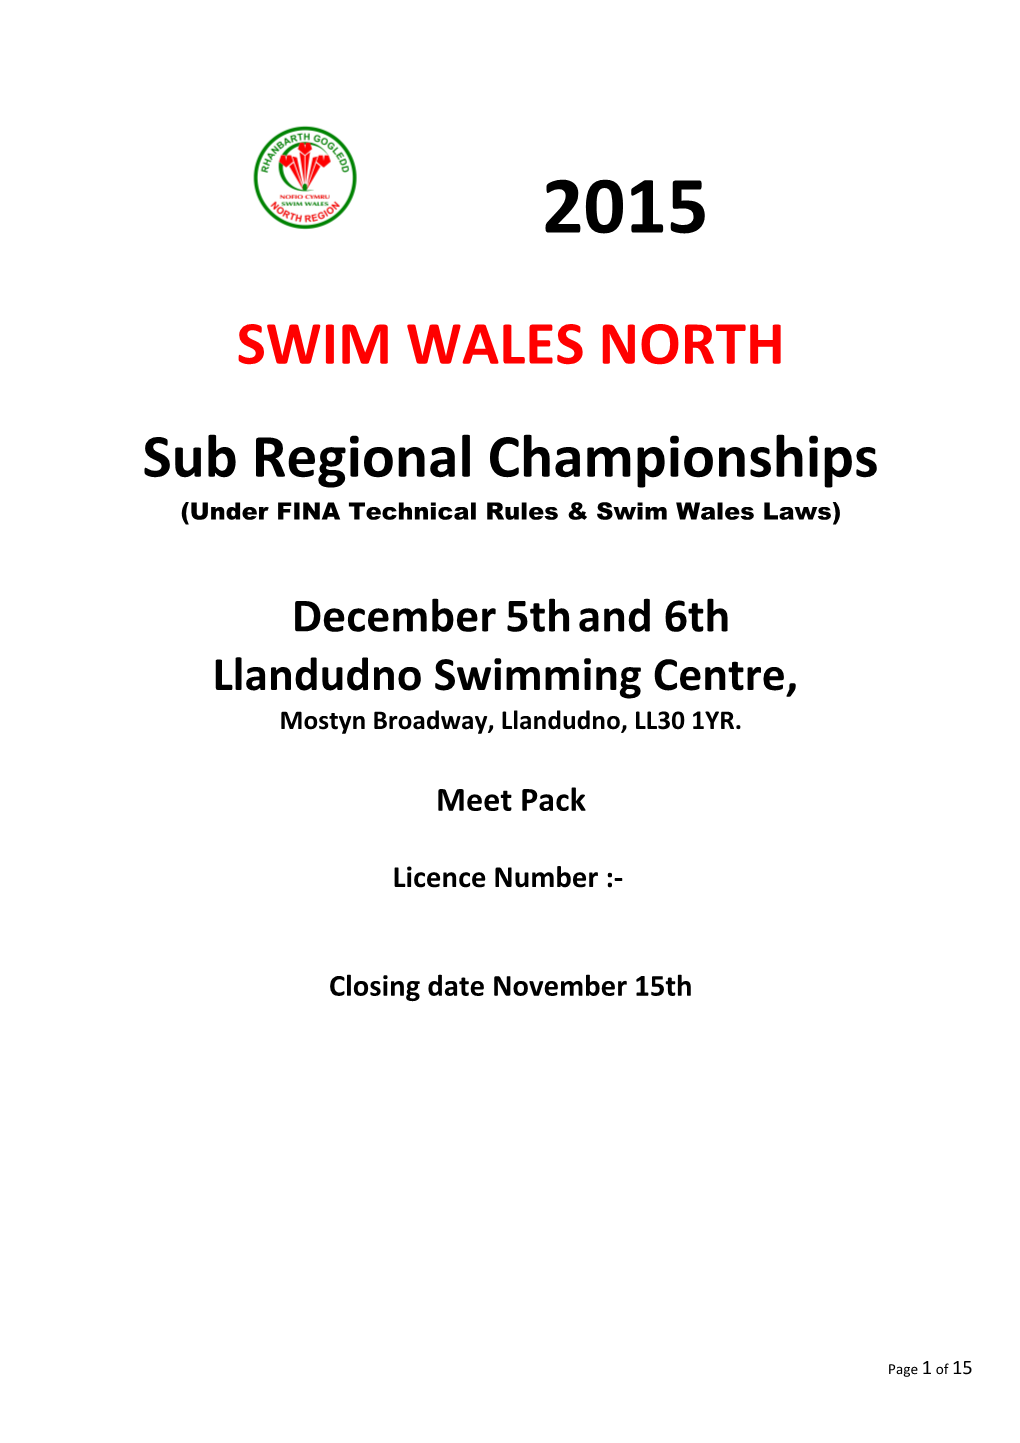 Under FINA Technical Rules & Swim Wales Laws
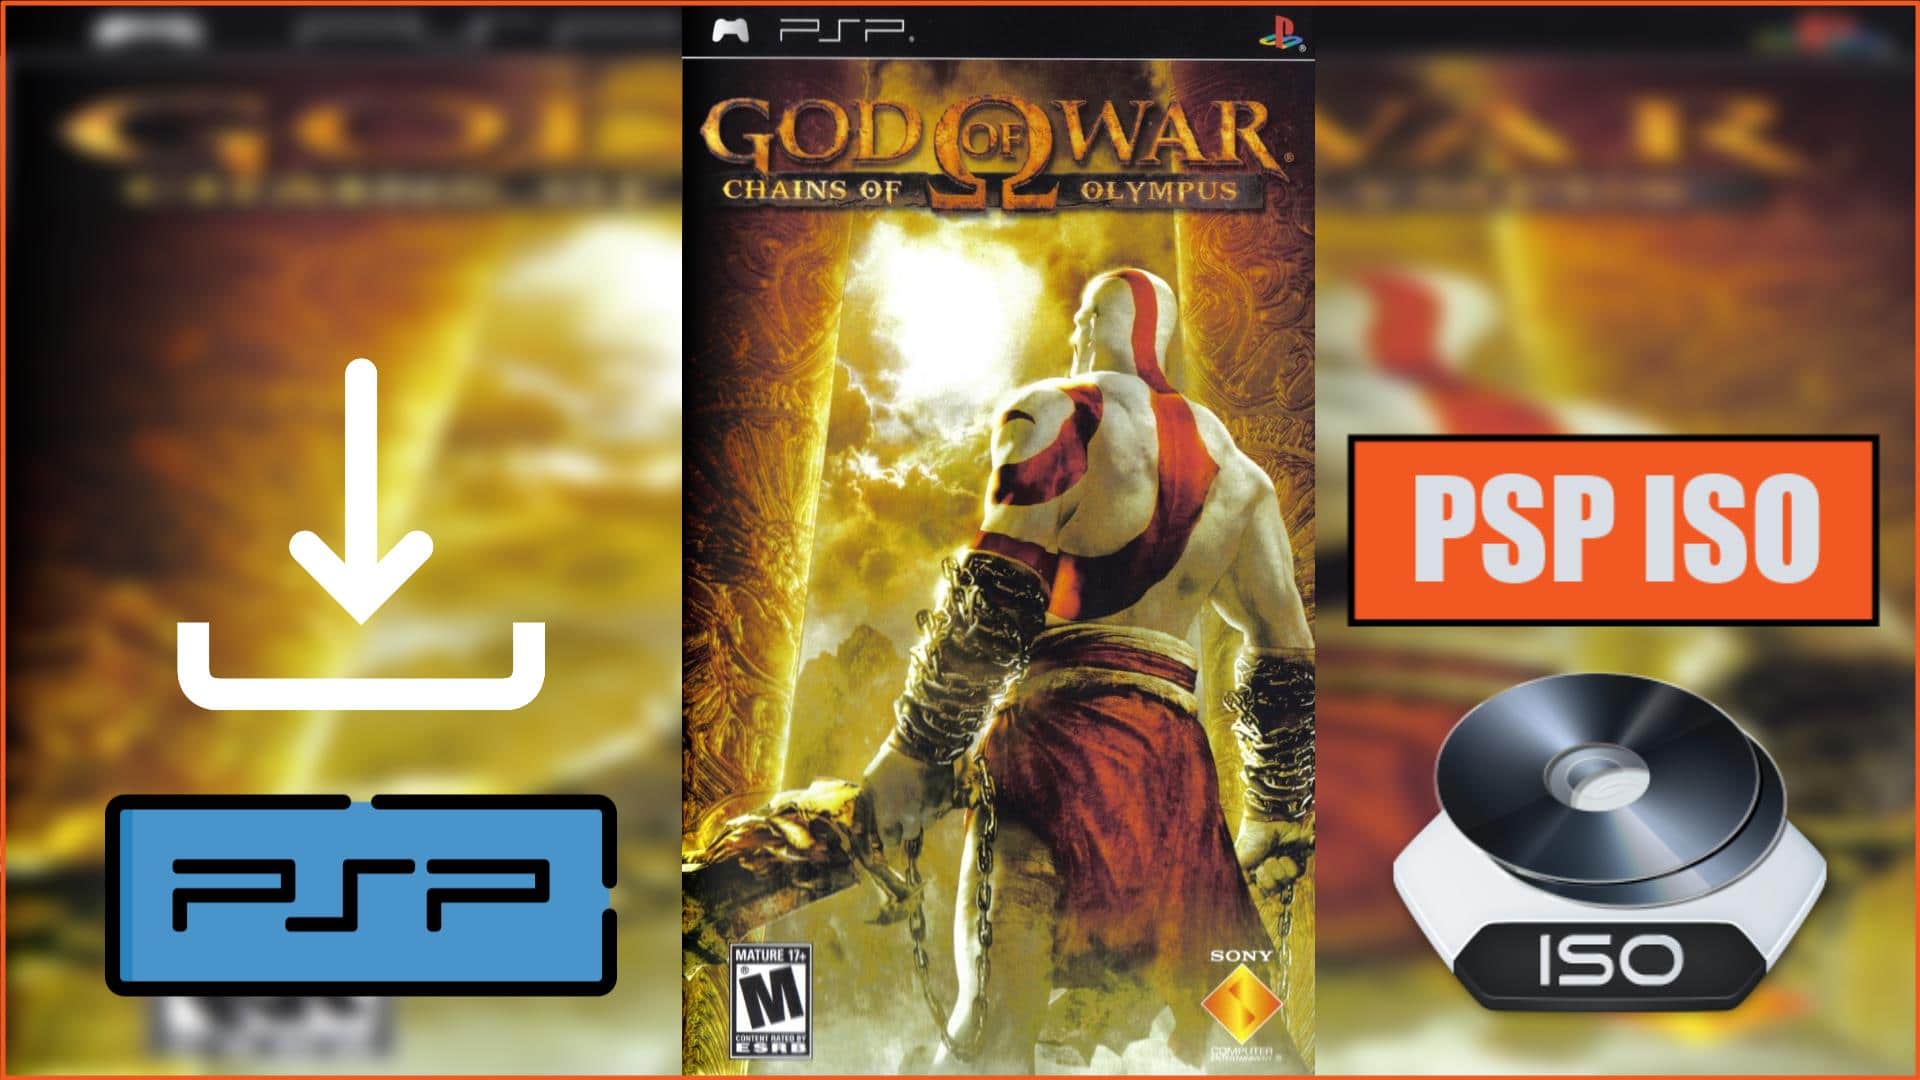 God of War - Chains of Olympus PSP ISO Download
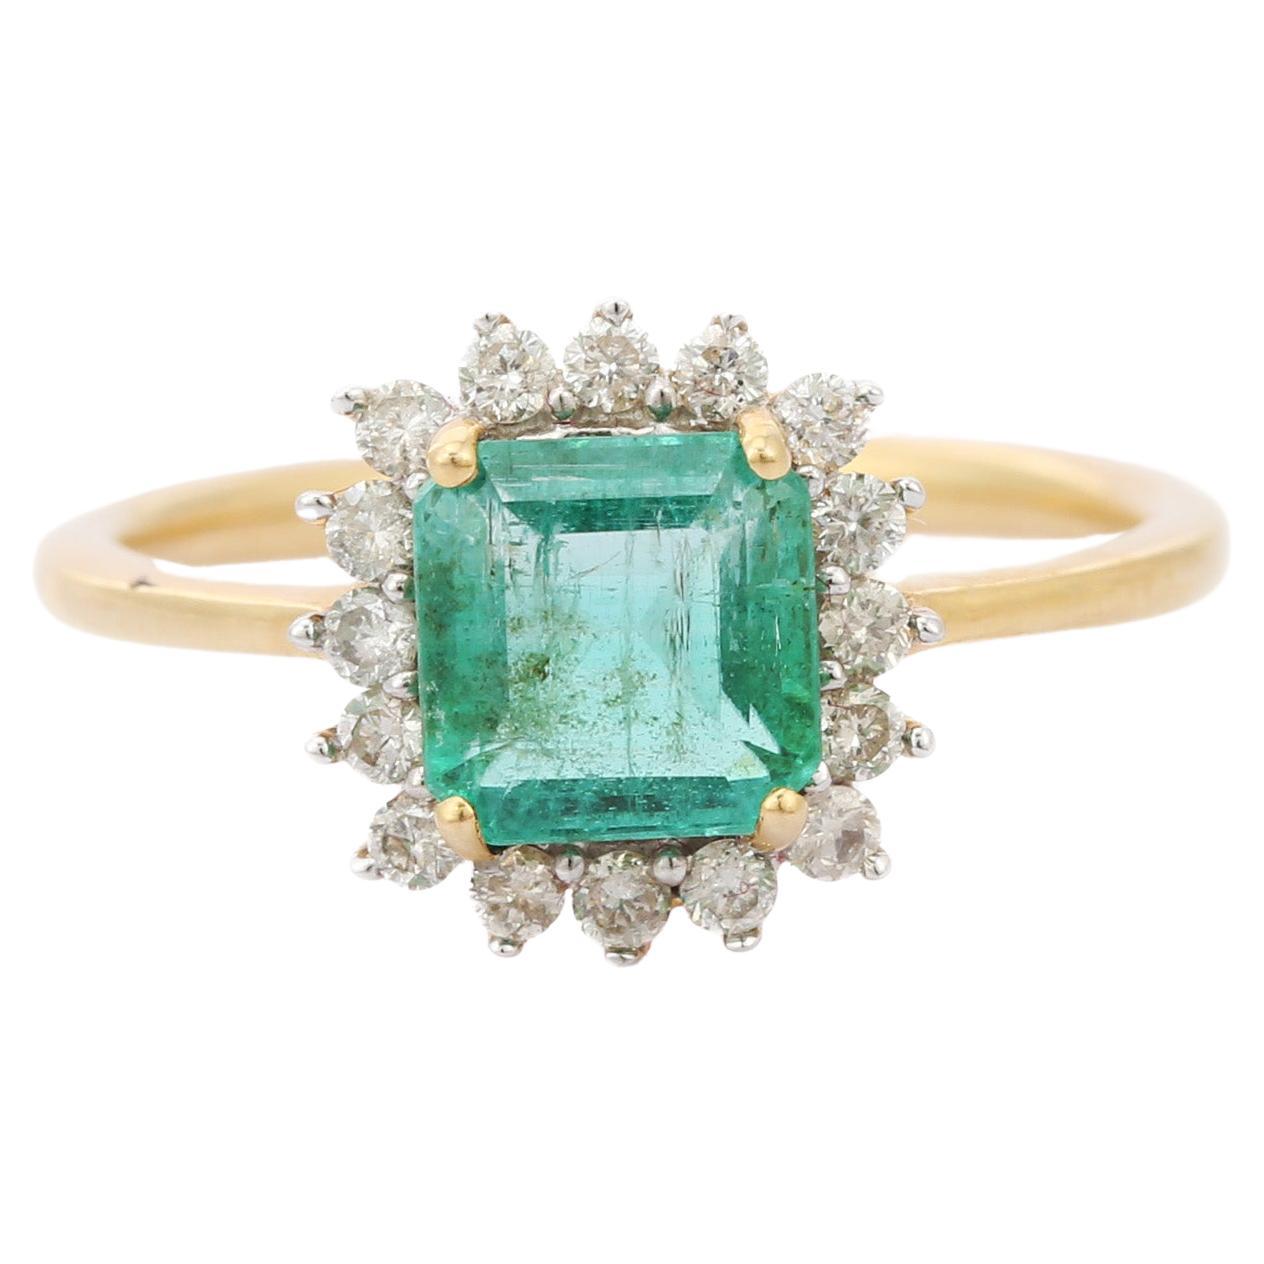 For Sale:  Designer Emerald and Diamond Bridal Ring in 18K Yellow Gold

* * *

Goal of the exercise | All the lines above should be reproduced exactly, and none of the pictures.

Answer |
 Under FINA Technical Rules & Swim Wales Laws
 God of War - Chains of Olympus PSP ISO Download
 For Sale:  Designer Emerald and Diamond Bridal Ring in 18K Yellow Gold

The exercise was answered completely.